- **Provided data**:
┌──

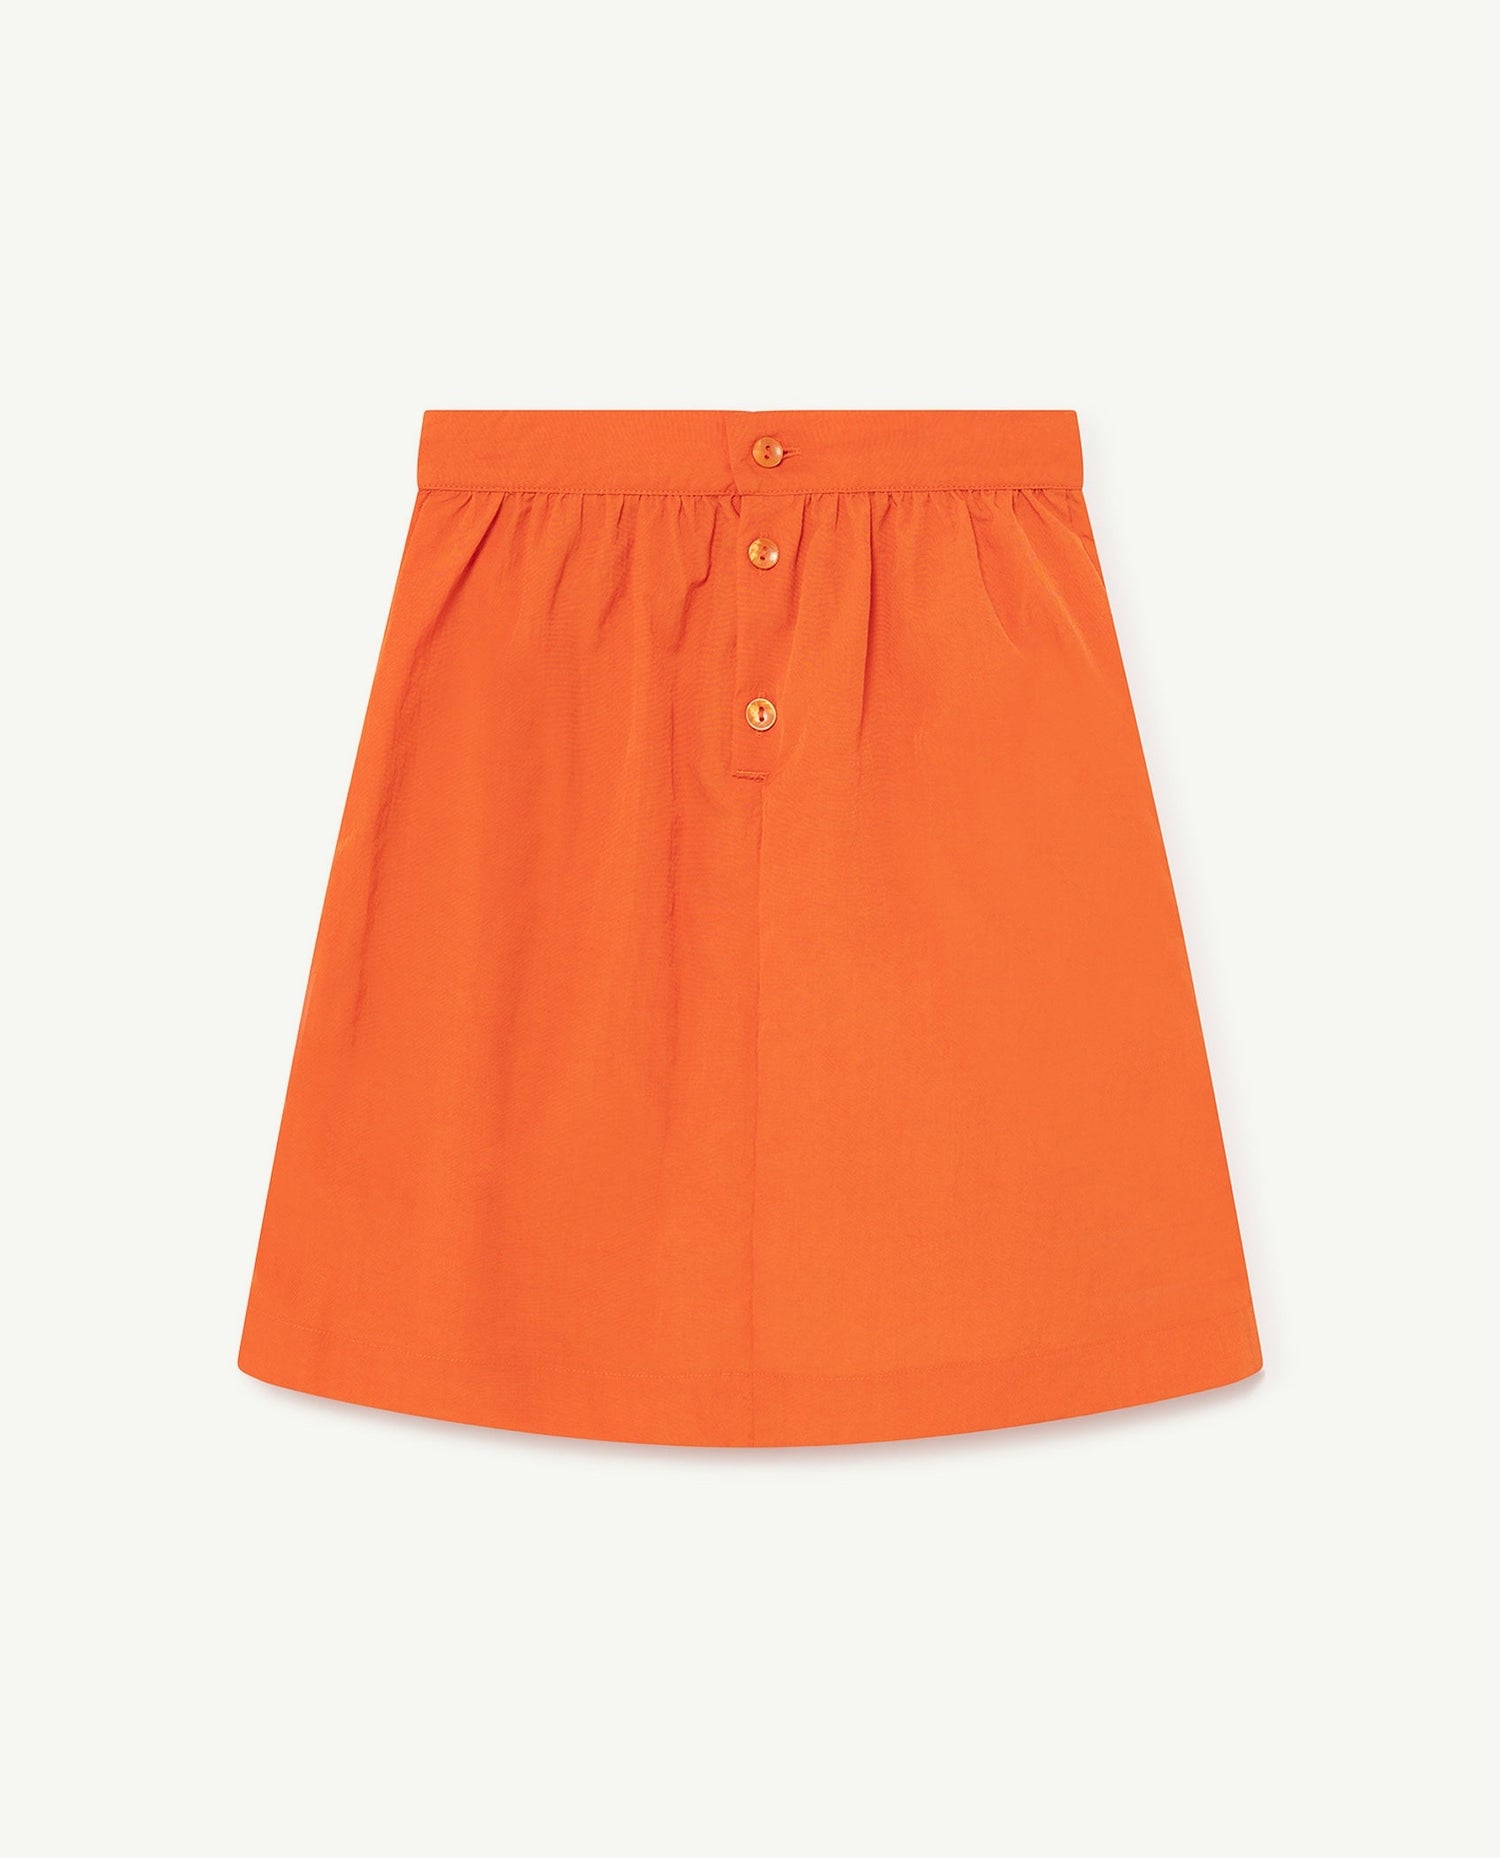 Bird kids skirt orange logo Skirts The Animals Observatory 
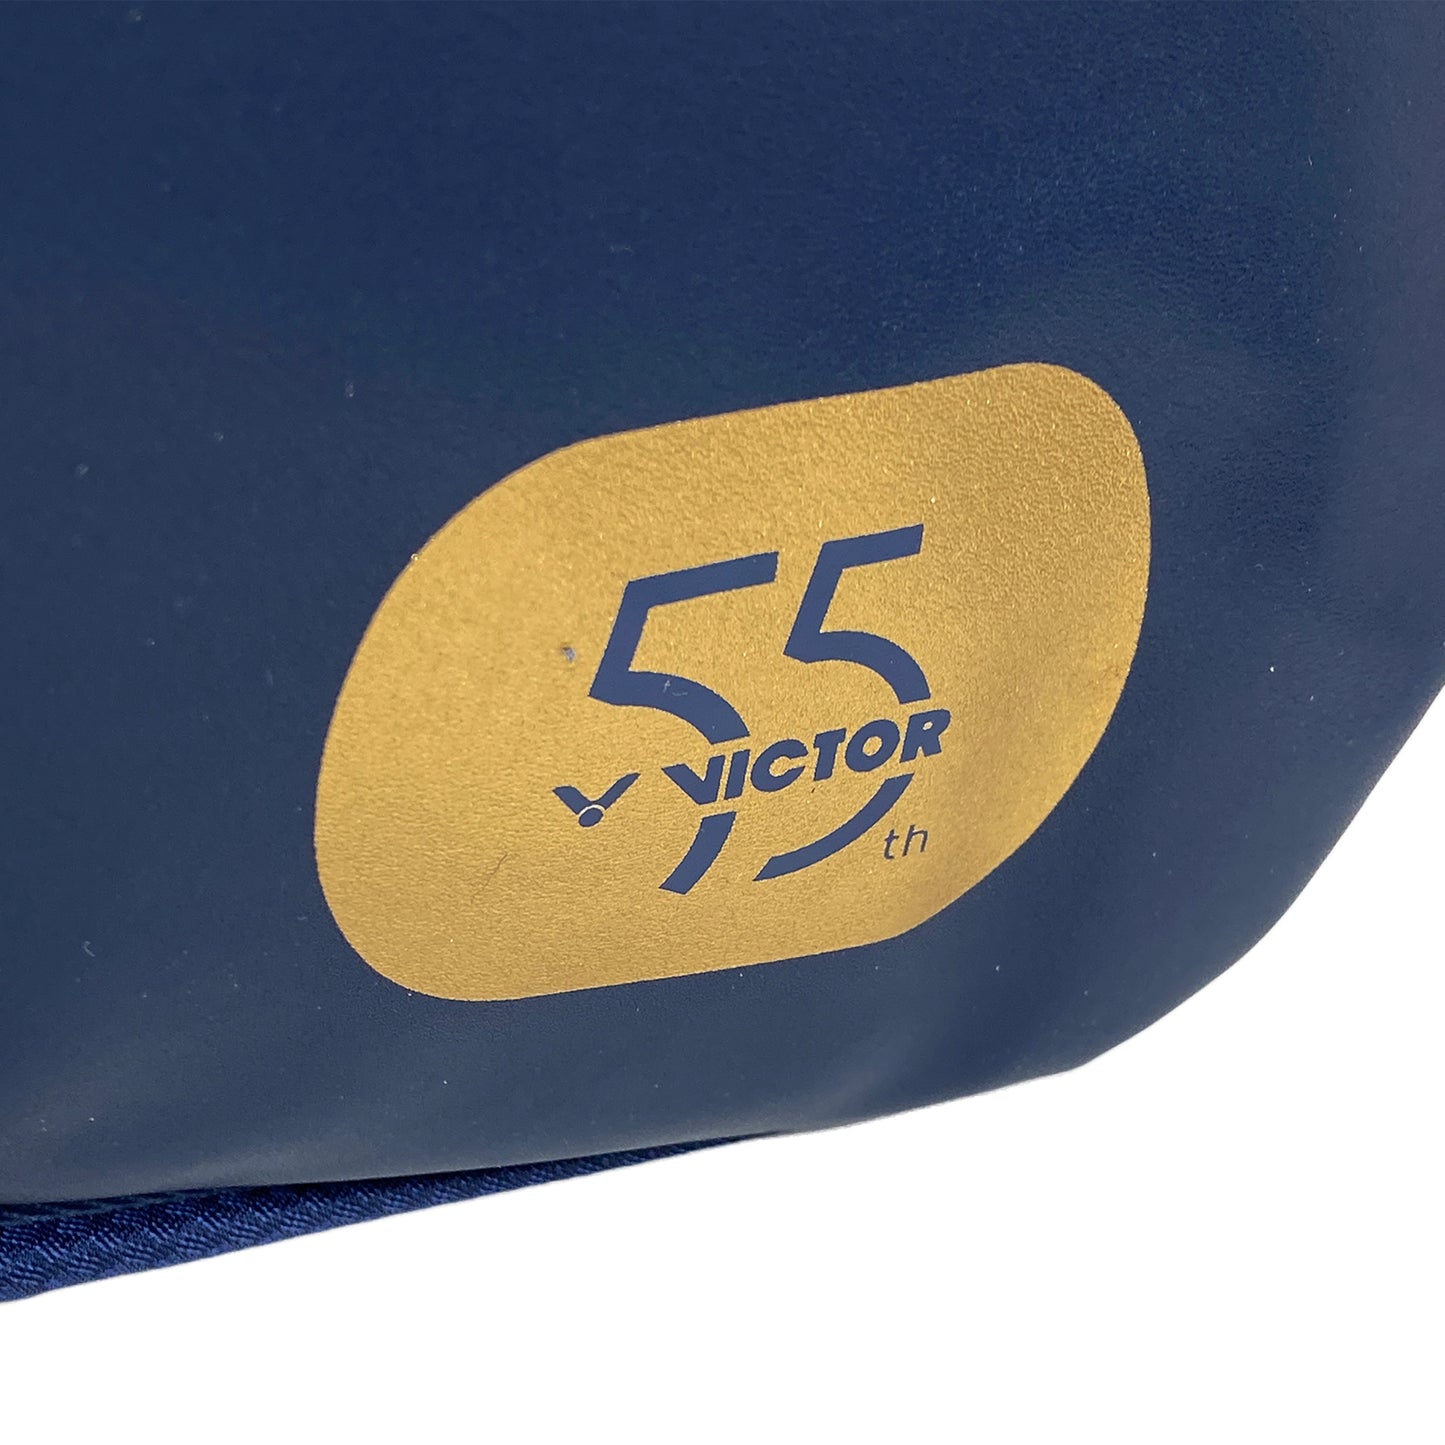 Victor Sac Rectangulaire 55e anniversaire - Bleu médiéval (BR9612-55-B)
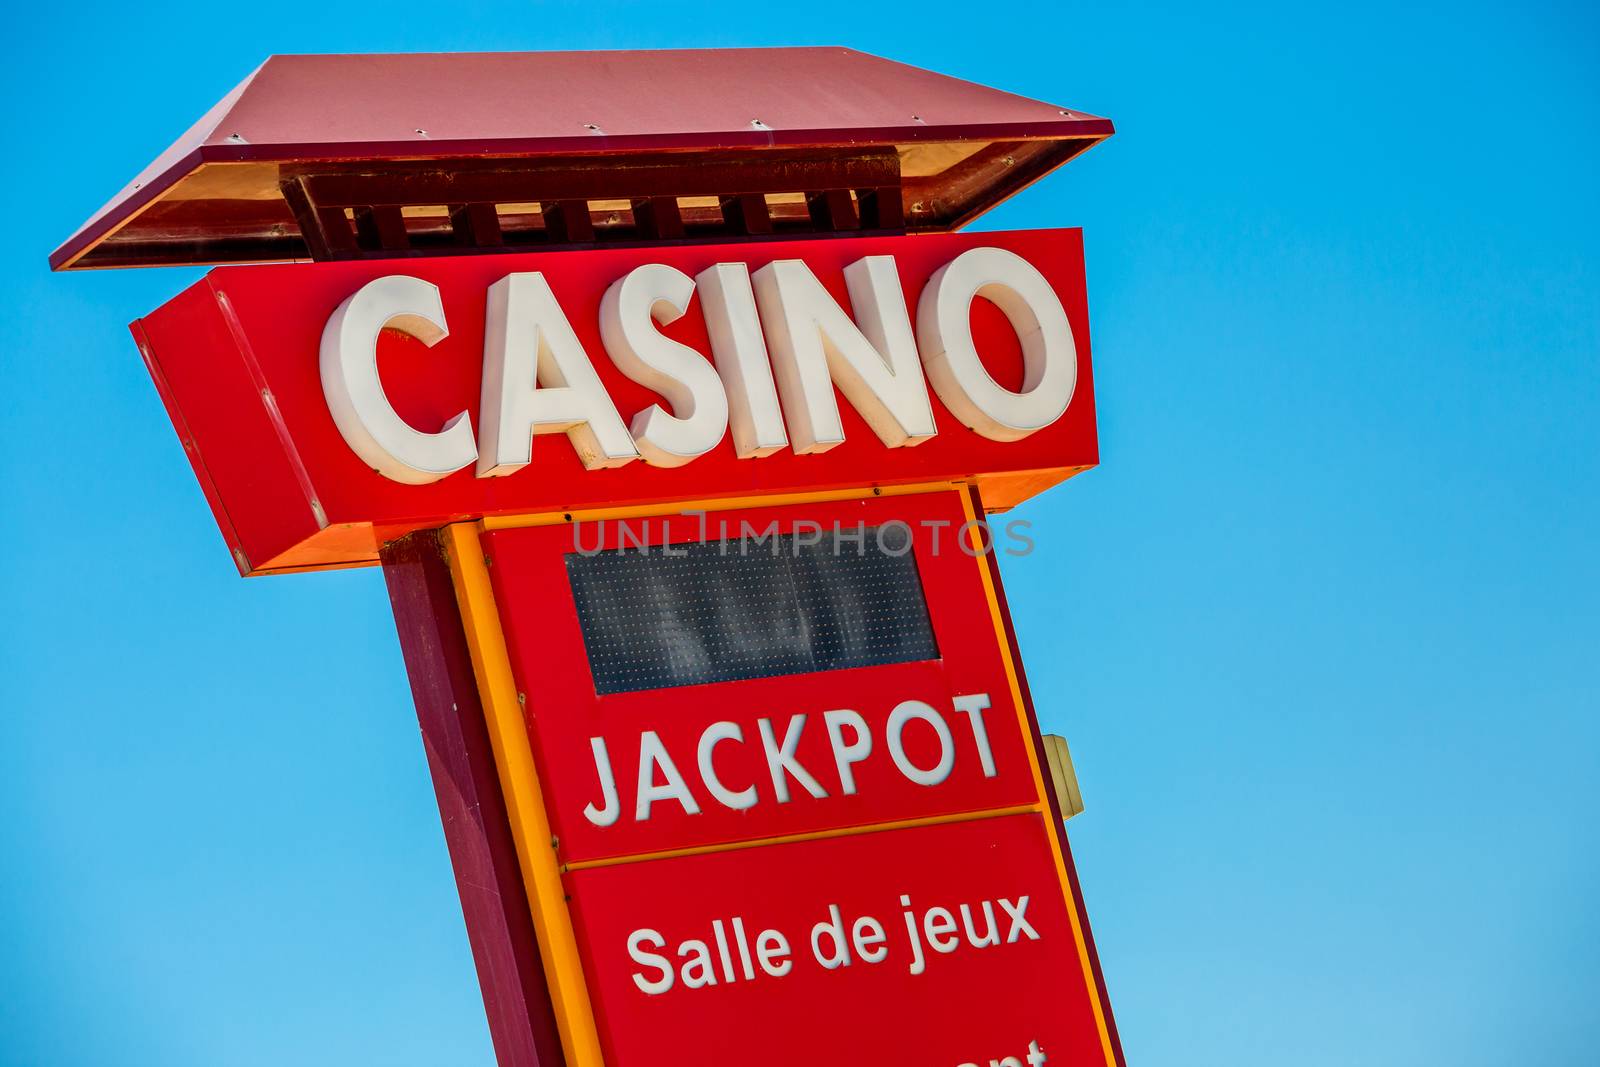 Casino sign on blue sky background

└──

- **Aim of the exercise**: Set down the data exactly as it appears, without any images.

- **Worked solution**:
 Bird kids skirt orange logo Skirts The Animals Observatory 
 Victor Sac Rectangulaire 55e anniversaire - Bleu médiéval (BR9612-55-B)
 Casino sign on blue sky background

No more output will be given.